ACTE QUATRIÈME - Scène. X
(TOUS LES ACTEURS PRÉCÉDENTS, EXCEPTÉ LA COMTESSE ET SUZANNE; BASILE TENANT SA GUITARE; GRIPPE SOLEIL.)
BASILE(entre en chantant sur l'air du vaudeville de la fin.)
Cœurs sensibles, cœurs fidèles, Qui blâmez l'amour léger, Cessez vos plaintes cruelles : Est-ce un crime de changer ? Si l'Amour porte des ailes, N'est-ce pas pour voltiger ? N'est-ce pas pour voltiger ? N'est-ce pas pour voltiger ?
FIGARO(s'avance à lui.)
Oui, c'est pour cela justement qu'il a des ailes au dos. Notre ami, qu'entendez-vous par cette musique ?
BASILE(montrant Grippe-Soleil.)
Qu'après avoir prouvé mon obéissance à monseigneur, en amusant monsieur, qui est de sa compagnie, je pourrai à mon tour réclamer sa justice.
GRIPPE-SOLEIL
Bah ! monsigneu, il ne m'a pas amusé du tout avec leux guenilles d'ariettes…
LE COMTE
Enfin que demandez-vous, Basile.?
BASILE
Ce qui m'appartient, monseigneur : la main de Marceline ; et je viens m'opposer…
FIGARO(s'approche.)
Y a-t-il longtemps que monsieur n'a vu la figure d'un fou ?
BASILE
Monsieur, en ce moment même.
FIGARO
Puisque mes yeux vous servent si bien de miroir, étudiez-y l'effet de ma prédiction. Si vous faites mine seulement d'approximer madame…
BARTHOLO(en riant.)
Eh pourquoi ? Laisse-le parler.
BRID'OISON(s'avance entre eux deux.)
Fau-aut-il que deux amis…
FIGARO
Nous, amis !
BASILE
Quelle erreur !
FIGARO(vite.)
Parce qu'il fait de plats airs de chapelle ?
BASILE(vite.)
Et lui, des vers comme un journal ?
FIGARO(vite.)
Un musicien de guinguette !
BASILE(vite.)
Un postillon de gazette !
FIGARO(vite.)
Cuistre d'oratorio !
BASILE
Jockey diplomatique !
LE COMTE(assis.)
Insolents tous les deux !
BASILE
Il me manque en toute occasion.
FIGARO
C'est bien dit ; si cela se pouvait !
BASILE
Disant partout que je ne suis qu'un sot.
FIGARO
Vous me prenez donc pour un écho ?
BASILE
Tandis qu'il n'est pas un chanteur que mon talent n'ait fait briller.
FIGARO
Brailler.
BASILE
Il le répète !
FIGARO
Et pourquoi non, si cela est vrai ? Es-tu un prince, pour qu'on te flagorne ? Souffre la vérité, coquin, puisque tu n'as pas de quoi gratifier un menteur : ou si tu la crains de notre part, pourquoi viens-tu troubler nos noces ?
BASILE(à Marceline.)
M'avez-vous promis, oui ou non, si, dans quatre ans, vous n'étiez pas pourvue, de me donner la préférence ?
MARCELINE
À quelle condition l'ai-je promis ?
BASILE
Que si vous retrouviez un certain fils perdu, je l'adopterais par complaisance.
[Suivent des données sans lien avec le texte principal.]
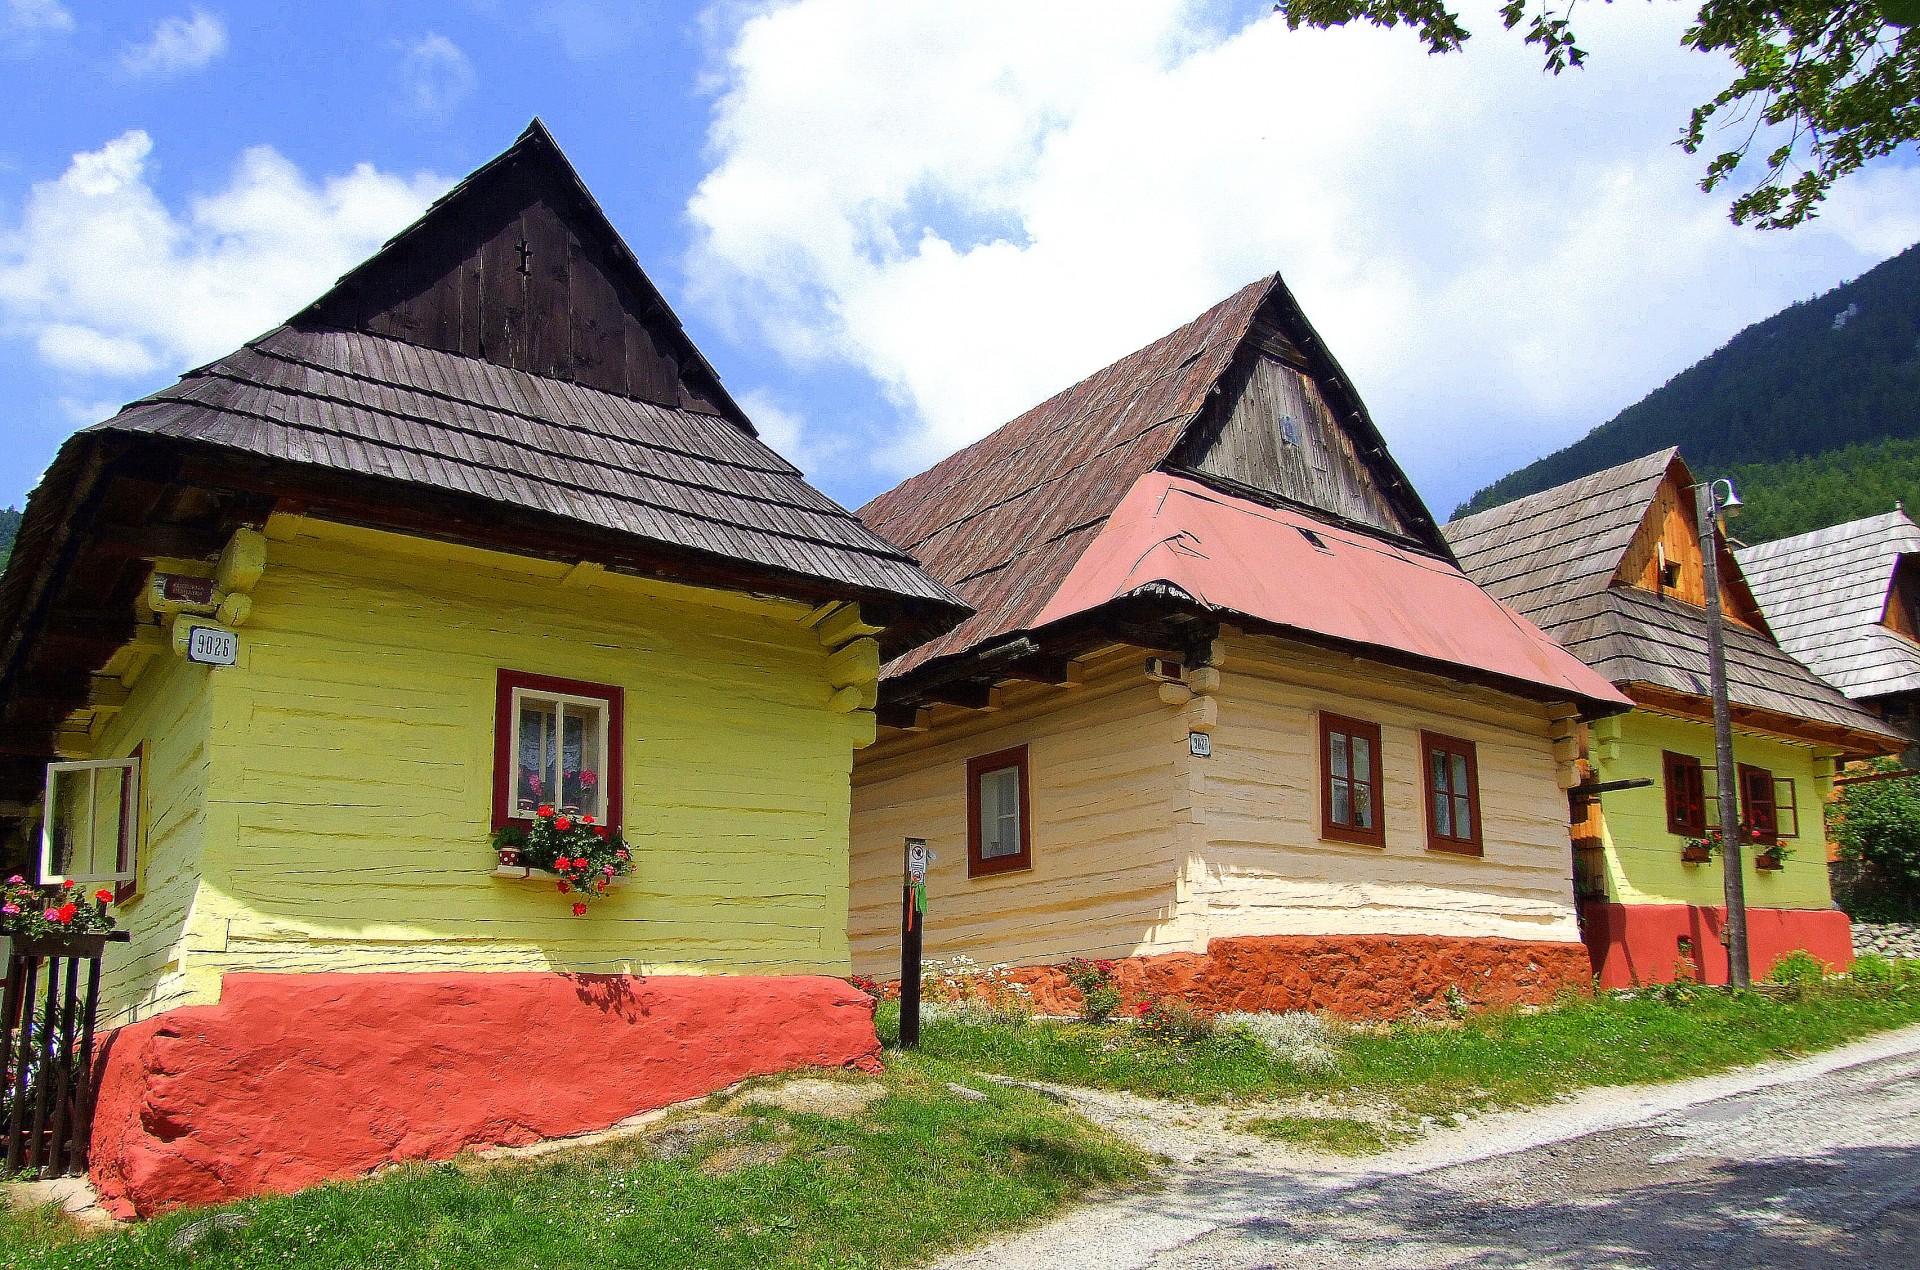 כפר ויקולינק

TOUS ENSEMBLE
Il est trouvé.
BASILE
Qu'à cela ne tienne !
TOUS ENSEMBLE(montrant Figaro.)
Et le voici.
BASILE(reculant de frayeur.)
J'ai vu le diable !
BRID'OISON(à Basile.)
Et vou-ous renoncez à sa chère mère !
BASILE
Qu'y aurait-il de plus fâcheux que d'être cru le père d'un garnement ?
FIGARO
D'en être cru le fils ; tu te moques de moi !
BASILE(montrant Figaro.)
Dès que monsieur est de quelque chose ici, je déclare, moi, que je n'y suis plus de rien.